RECORD EXTRACTS >>
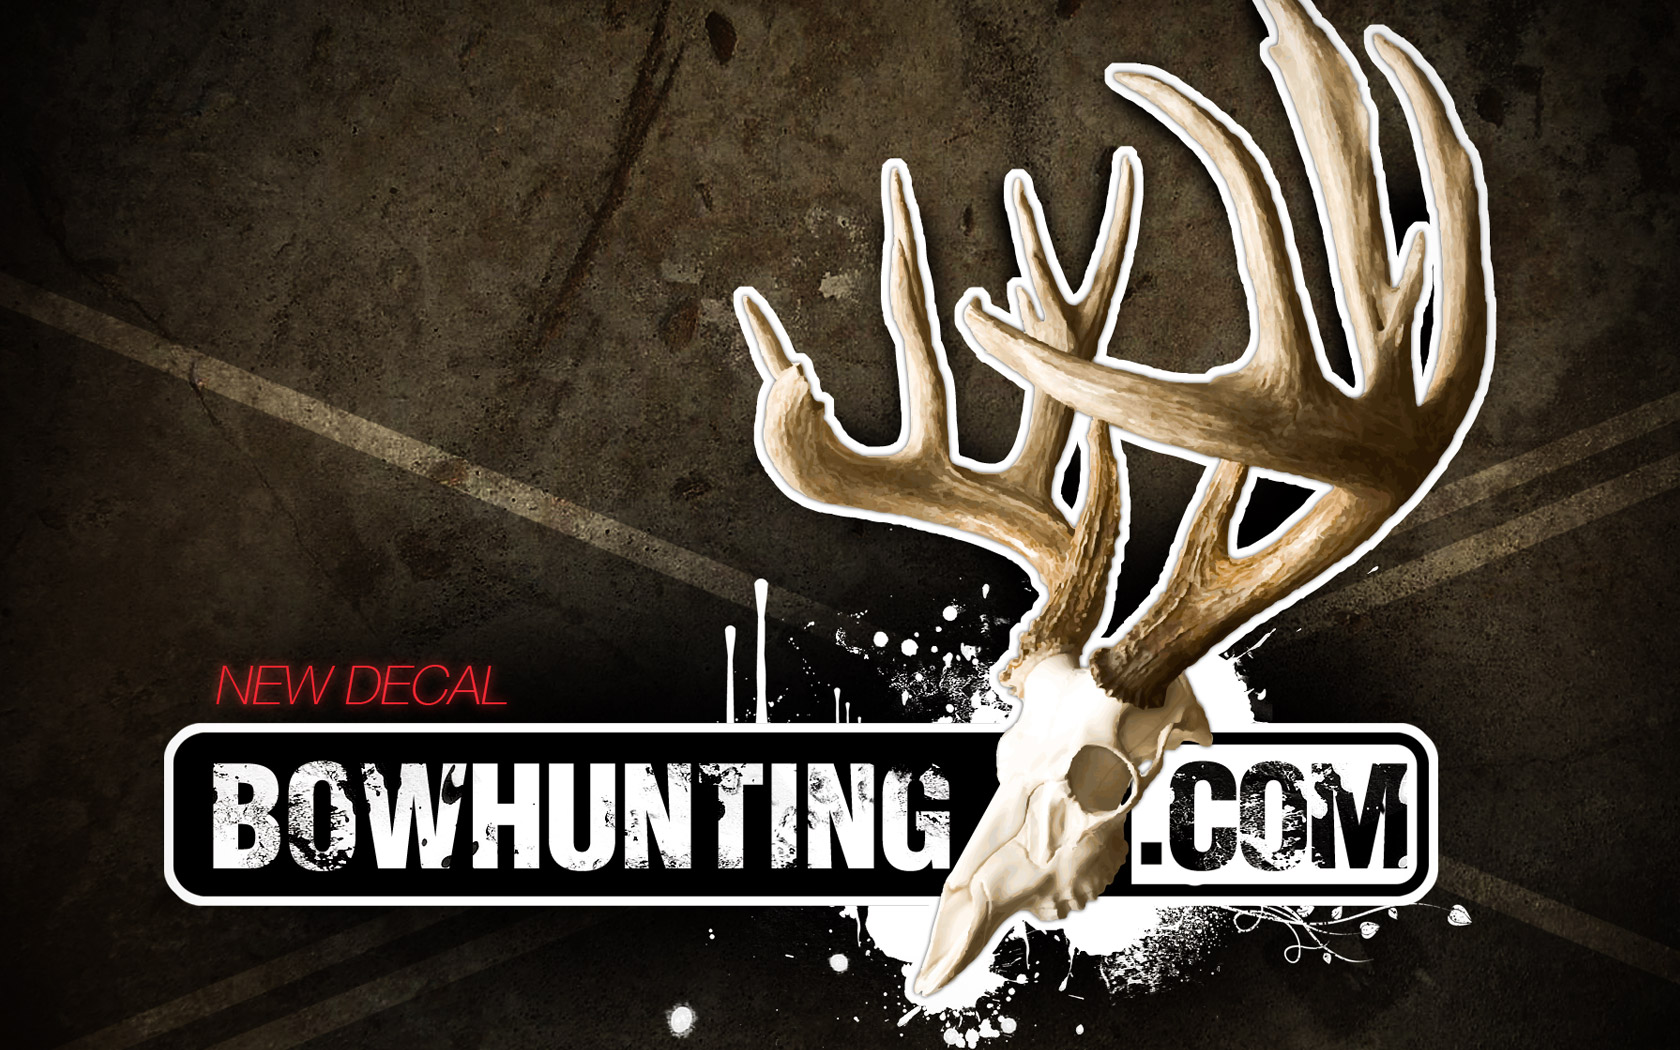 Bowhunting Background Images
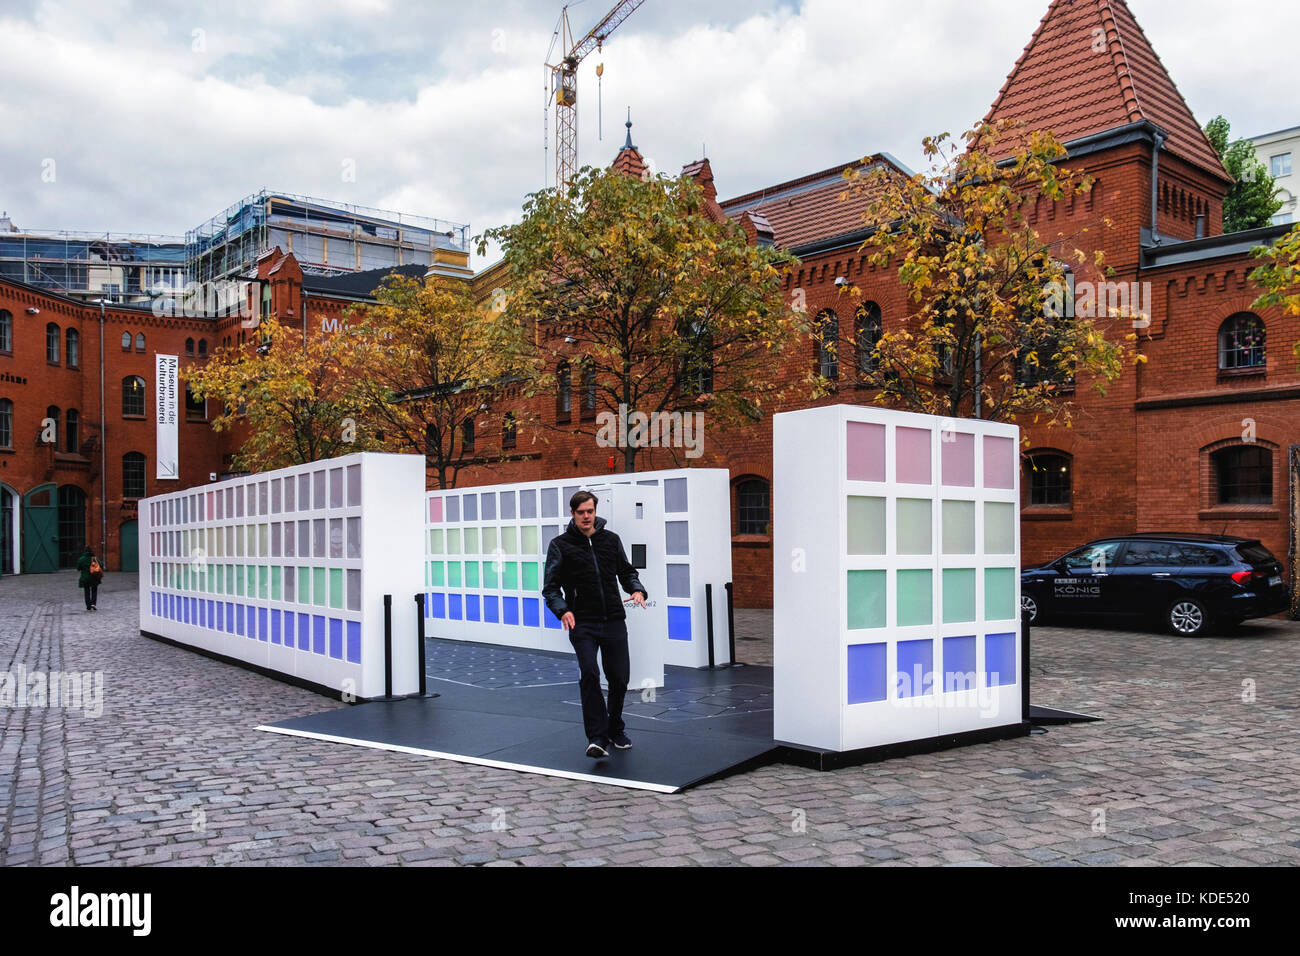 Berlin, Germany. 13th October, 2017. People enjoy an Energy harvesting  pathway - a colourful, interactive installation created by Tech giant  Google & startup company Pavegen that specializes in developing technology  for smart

---

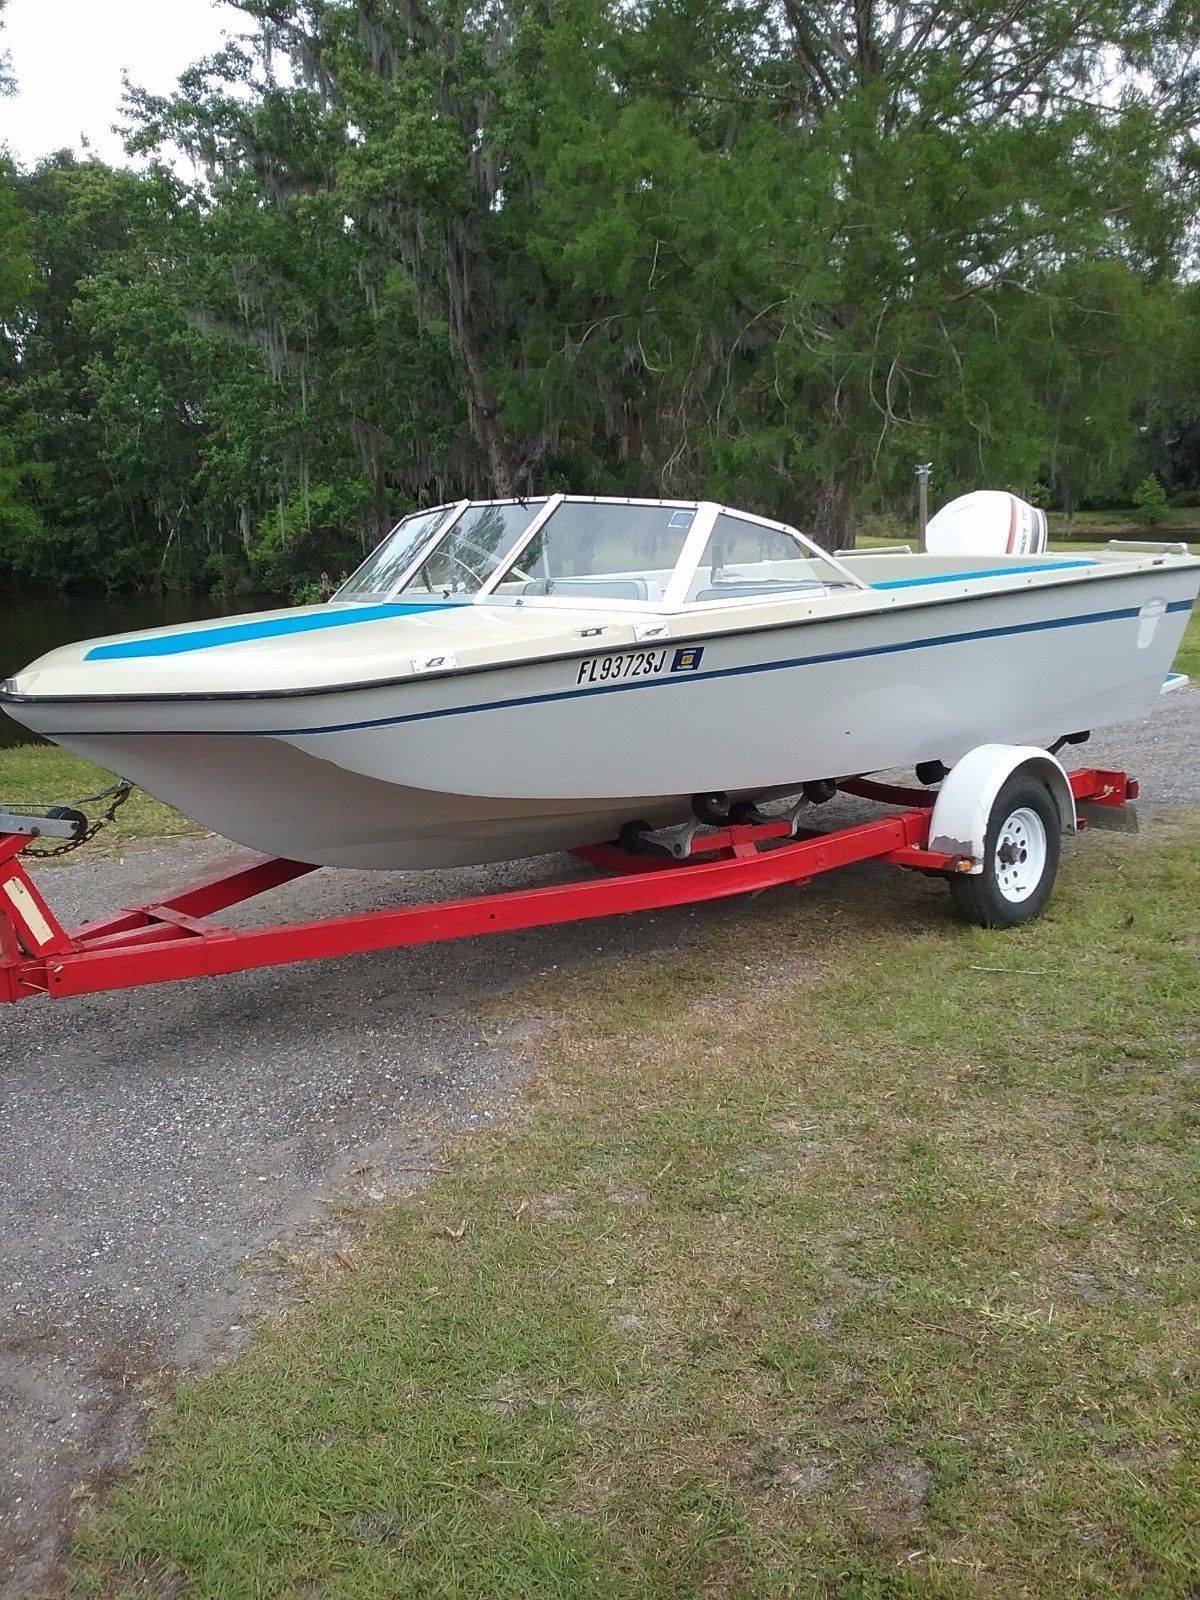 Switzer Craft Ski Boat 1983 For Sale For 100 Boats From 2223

WORK INSTRUCTIONS >>
Copy the lines above exactly, starting with the line that contains "Bowhunting Background Images" and ending with the line that contains "Berlin, Germany. 13th", and leave out any pictures.

EXERCISE RESPONSE >>
 Bowhunting Background Images
 Berlin, Germany. 13th October, 2017. People enjoy an Energy harvesting  pathway - a colourful, interactive installation created by Tech giant  Google & startup company Pavegen that specializes in developing technology  for smart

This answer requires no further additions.